Среди них и Мисост, и двенадцатилетняя дочка Атто Буцина, которую он вынянчил своими руками и прозвал за болтливость и резвость «Ласточкой». Когда она была совсем еще маленькой, Годах рассказывал ей сказки, а когда стала ходить в школу, уж она забавляла деда, читала ему книжки.
Буцина стоит прямо перед ним среди взрослых. На глазах у нее дрожат и сверкают крупные слезы… Она боится за деда, и, пожалуй, никто так не скорбит, не жалеет его, как она.
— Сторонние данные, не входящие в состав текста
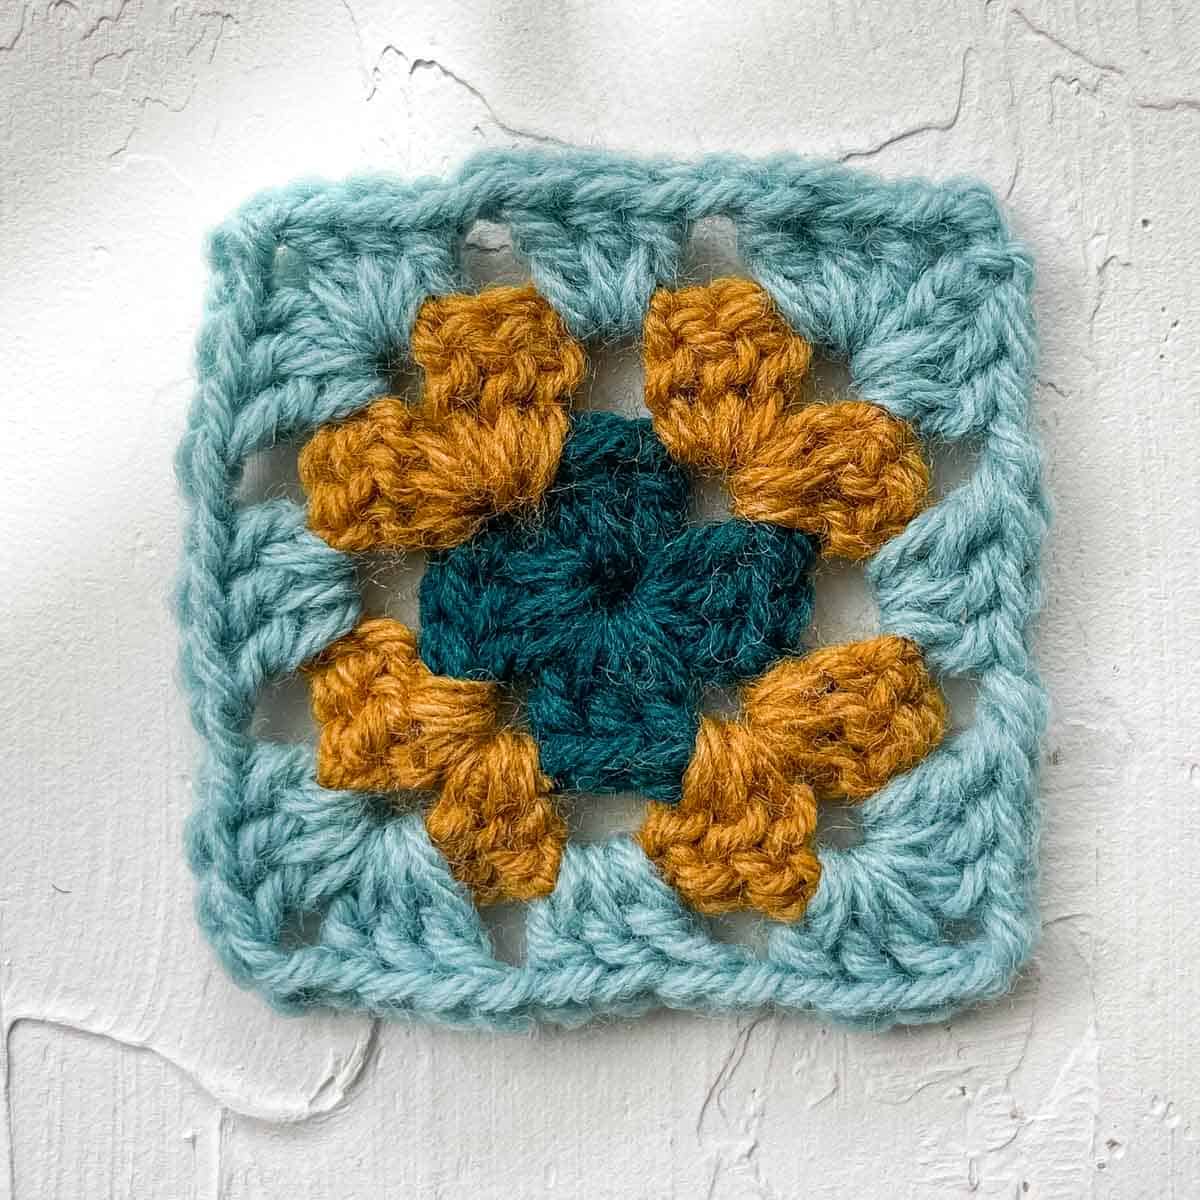 Granny square tutorial round 2: 36 double crochets.

Рядом с ней стоит трехлетний сын Асахмета, Юрик, в белой шелковой рубашке и коротеньких вельветовых штанишках. Такой же плотный и кряжистый, каким был когда-то в его годы Годах, и он проживет, конечно, дольше деда, потому что будет жить при коммунизме.
Юрик, видимо, не понимает, что такое с дедушкой, и, как детеныш тура, стоит и настороженно посматривает то на тех, кто с ним рядом, то на деда.
Но что это, как чудо какое? Годах чувствует себя совершенно здоровым. Ничто не болит у него. Сердце не стучит, как молот, и дышится легко, спокойно.
Годах никогда не болел, не любил валяться в постели и захотел встать. Чего лежать, если он чувствует себя хорошо? Да сидя-то и легче рассказывать, как хочется ему пожить еще лег пять, чтобы увидеть ту светлую, сказочную жизнь, какая будет при коммунизме. Но тело почему-то не слушалось его. Хотел поднять руку — и не мог.
Что ж это? Ведь он еще в сознании, мозг его работает, а тело… неужели уже умерло?
Он посмотрел вверх, в лицо склонившегося над ним Асахмета. Может быть, он знает, что такое с Годахом? Асахмет еще ниже склонился над ним, но Годах уже не видел его. Глаза его задернулись густой пеленой и устало сомкнулись.
Но Годах еще чувствовал чьи-то теплые руки, которые, легко коснувшись, прикрыли ему веки, и слышал плач, как порывистый ветер, пролетевший по двору. Вот тонким голоском громче и безутешнее всех рыдает Буцина. И Юрик вопит низким голосом.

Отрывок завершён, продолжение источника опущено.